There are several things that could be causing this problem.

• If pushing the bundle with the updated identities.csv file from the search head cluster deployer , the bundle could be too large therefore hitting the http server max content length of 800MB on the SHC members. You would see evidence of this on the SHC member you push to in $SPLUNK_HOME/var/log/splunk/splunkd_access.log with logs with status code 413 If that is the case you could increase the max_content_length on the SHC members to work around that:

$SPLUNK_HOME/etc/system/local/server.conf
max_content_length =

* Measured in bytes
* HTTP requests over this size will rejected.
* Exists to avoid allocating an unreasonable amount of memory from web
requests
* Defaulted to 838860800 or 800MB
* In environments where indexers have enormous amounts of RAM, this
number can be reasonably increased to handle large quantities of
bundle data.

• If pushing the bundle from the deployer and using the preserve-lookups flag, that will not update lookups on the members but preserve their local lookup files instead of take what the deployer is pushing. This feature is somewhat limited becuase it doesn't allow you to get granular and specify which lookups to preserve.
  ie:
  ./splunk apply shcluster-bundle -target https://linux01.sv.splunk.com:8089 -preserve-lookups true -auth admin:pwd

• lookup files that don't have their inputs or transforms.conf configured properly so the identity_manager.py script is not picking them up

example:

rob1_identities.csv is my file I want merged into identities_expanded.csv

on the SHC deployer I configure:

/opt/splunk/etc/shcluster/apps/SA-IdentityManagement/local/inputs.conf
[identity_manager://rob1_identities]
disabled = 0
category = rob1_identities
description = Demonstration identity list.
target = identity
url = lookup://rob1_identities

/opt/splunk/etc/shcluster/apps/SA-IdentityManagement/local/transforms.conf
[rob1_identities]
filename = rob1_identities.csv

make an update to the file rob1_identities.csv on the deployer
Next I push the bundle from the deployer to the SHC:
On deployer run this command (pushing to any 1 member in the SHC, ie: https://linux01.sv.splunk.com:8089 😞
./splunk apply shcluster-bundle -target https://linux01.sv.splunk.com:8089 -auth admin:pwd

• confirm each member has the updated file.
  $SPLUNK_HOME/etc/apps/SA-IdentityManagement/lookups/rob1_identities.csv

• now the next time the identity_manager.py runs (every 5 min) it will merge the change into identities_expanded.csv

• Any manual file update on one of the SHC members will not work unless the member is the captain. And in that case only the identies_expanded.csv would get replicated to other members not the rob1_identities.csv so this approach is not advised.

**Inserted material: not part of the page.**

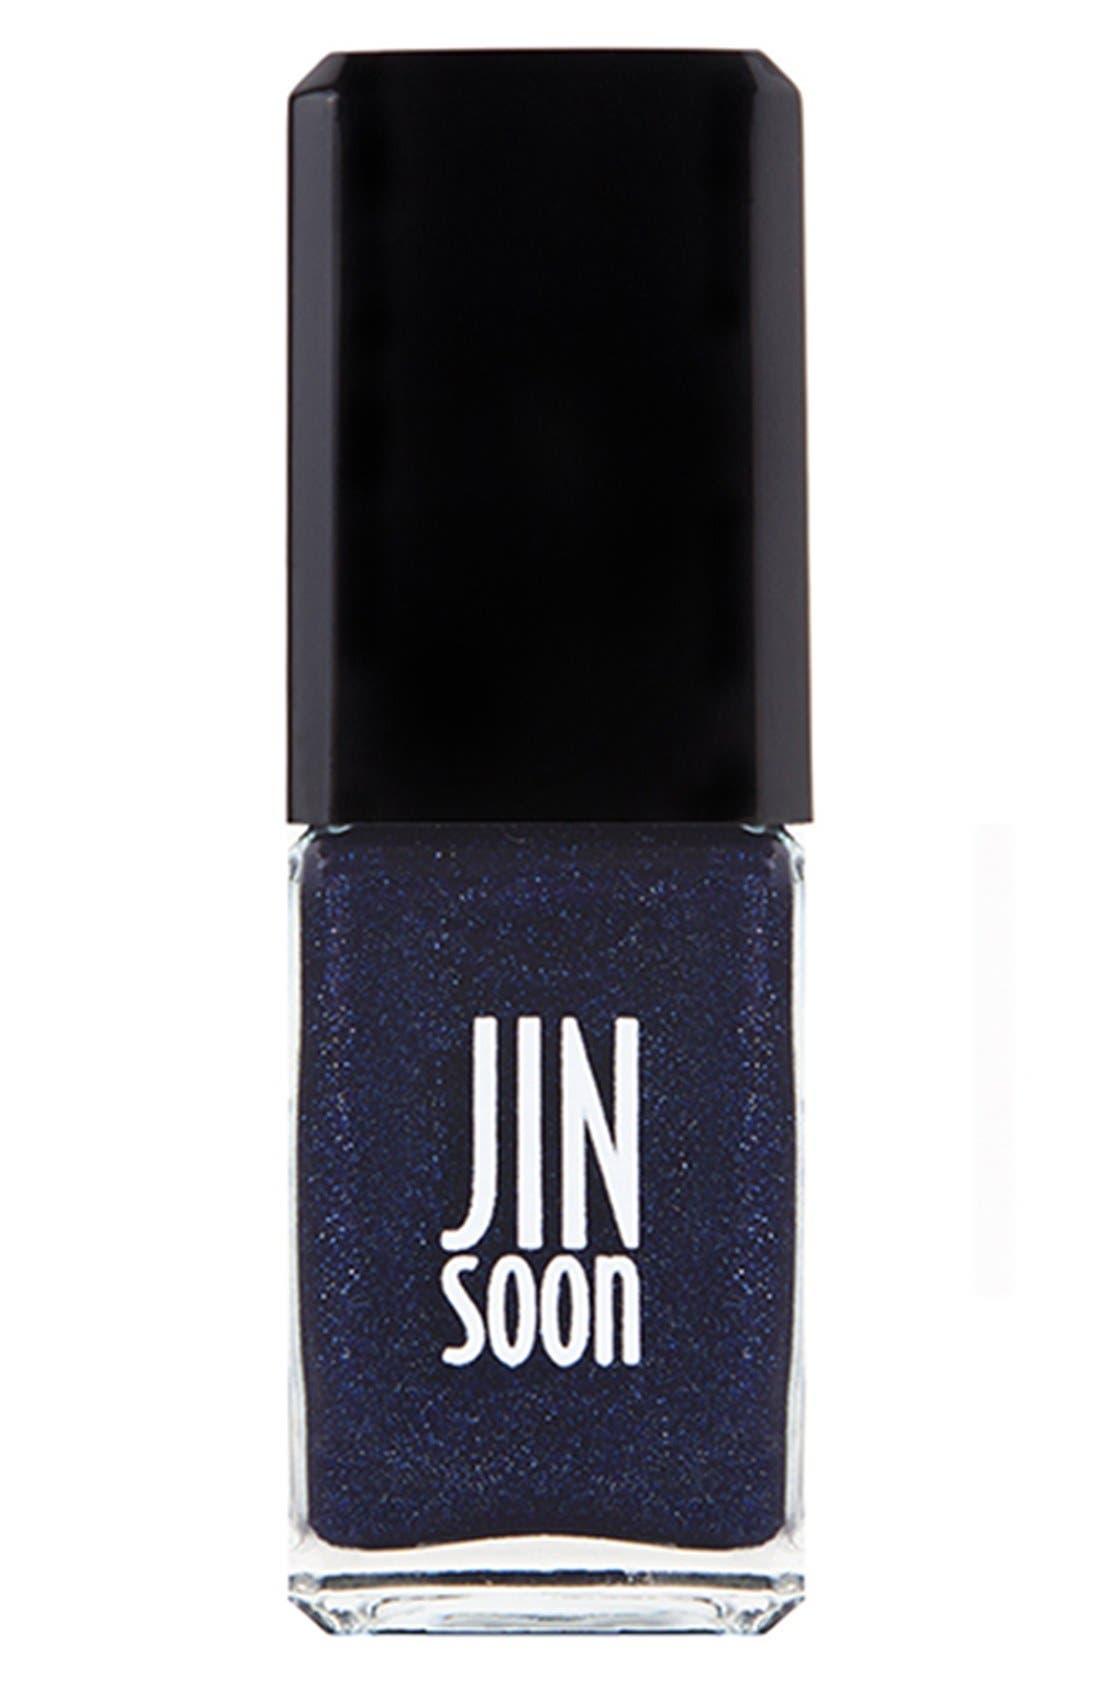 JINsoon 'Azurite' Nail Lacquer
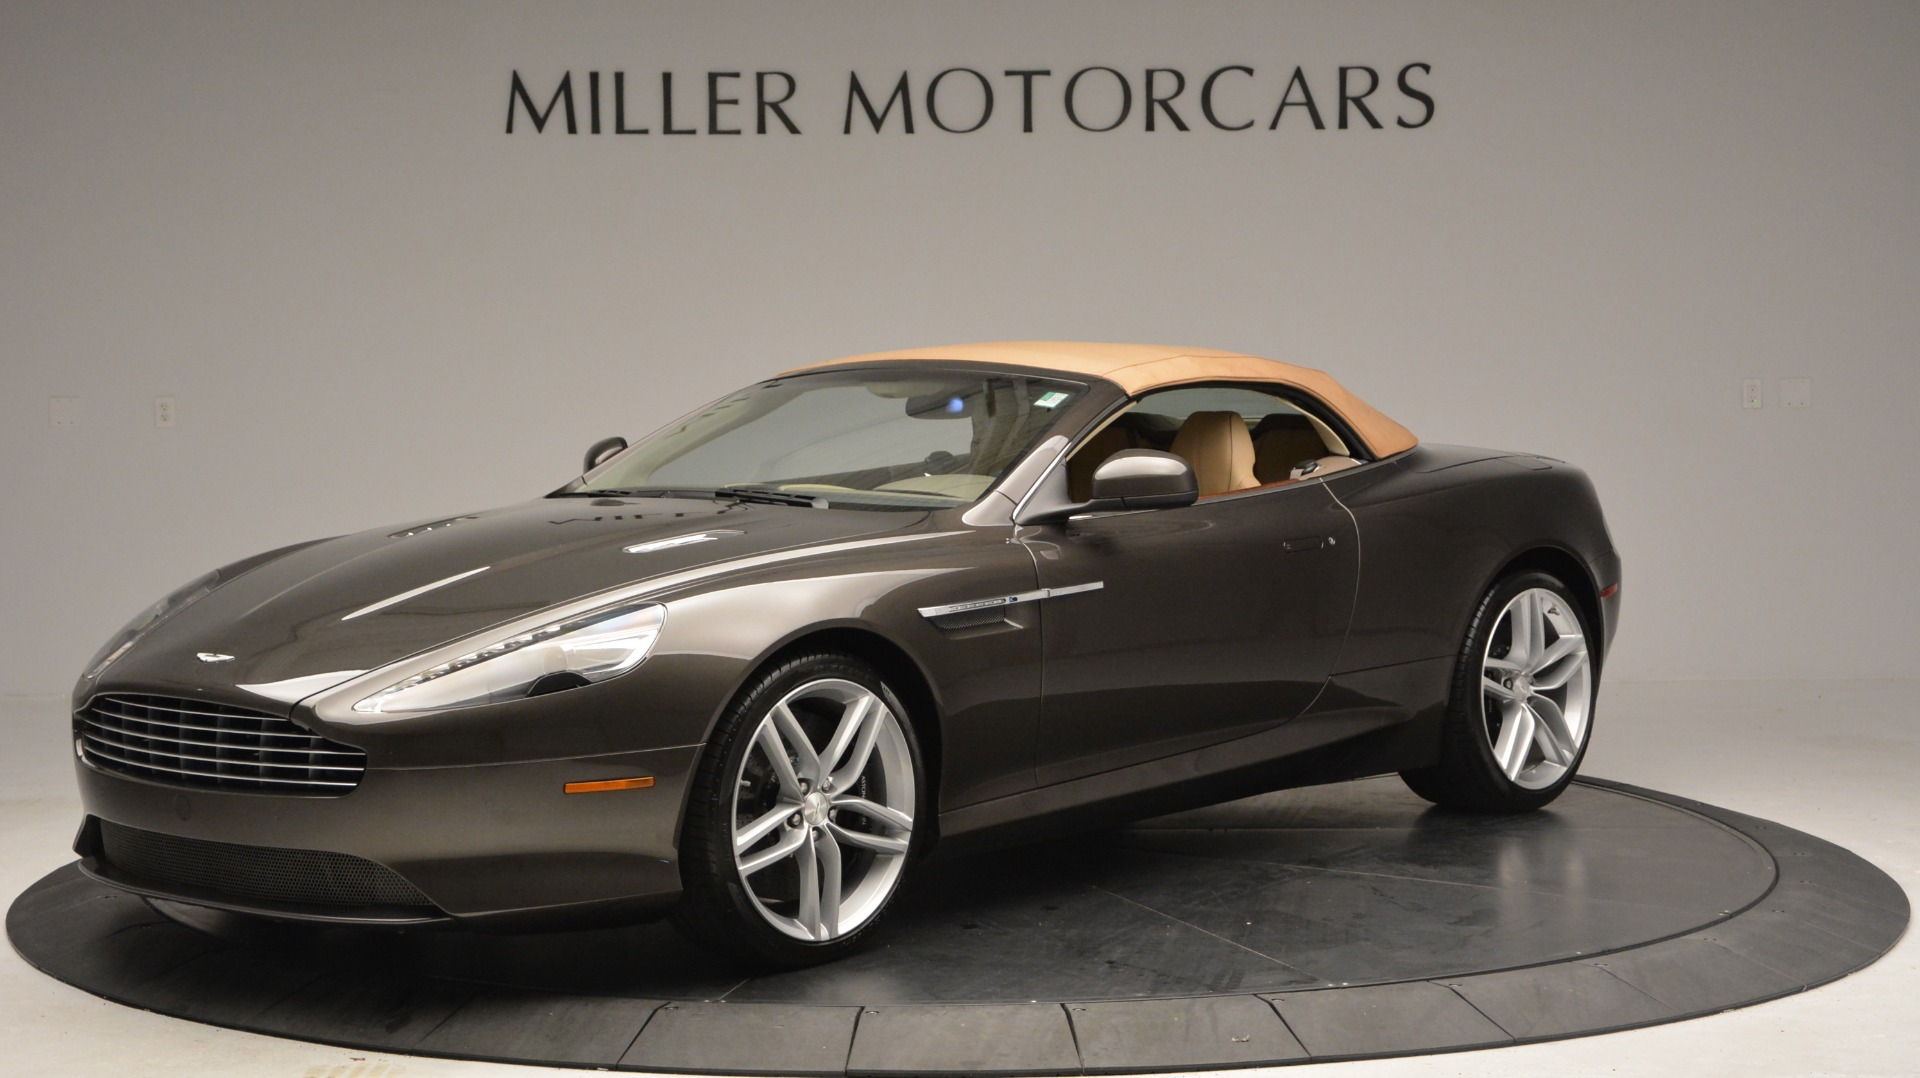 Used 2012 Aston Martin Virage Convertible For Sale In Greenwich, CT. Alfa Romeo of Greenwich, 7613 3351_p15

• Confirm your file has the correct header format for identities.csv
  The most common reason for failure is incorrect formatting or invalid data in the assets.csv or identities.csv lookup files used as the source.
  The header must be included in the file and be in this format for identities.csv:
  identity,prefix,nick,first,last,suffix,email,phone,phone2,managedBy,priority,bunit,category,watchlist,startDate,endDate,work_city,work_country,work_lat,work_long

• There are several ways to update the identities.csv file on the SHC members and trigger the merge of the file(s) into identities_expanded.csv

a.) option 1: run a search with outputlookup to update the file:

ie:
... | table identity, prefix, nick, first, last, suffix, email, phone, phone2, managedBy, priority, bunit, category, watchlist, startDate, endDate, work_city, work_country, work_lat, work_long | outputlookup identities.csv

b.) option 2: drop the updated identites.csv file onto each member using rsync

c.) option 3: push the updated identities.csv from the SHC deployer down to a SHC member
./splunk apply shcluster-bundle -target https://rplinux09.sv.splunk.com:8089 -auth admin:pwd

This approach may be less favorable if you have frequent updates to the .csv as the deployer may trigger the SHs to restart for those configuration changes that require it.

• Any CSV file must use Unix line endings.

• look in $SPLUNK_HOME/var/log/splunk/python_modular_input.log on the SHC captain and see what ERROR logs are reported for your lookup file. This will provide insight into what the problem is.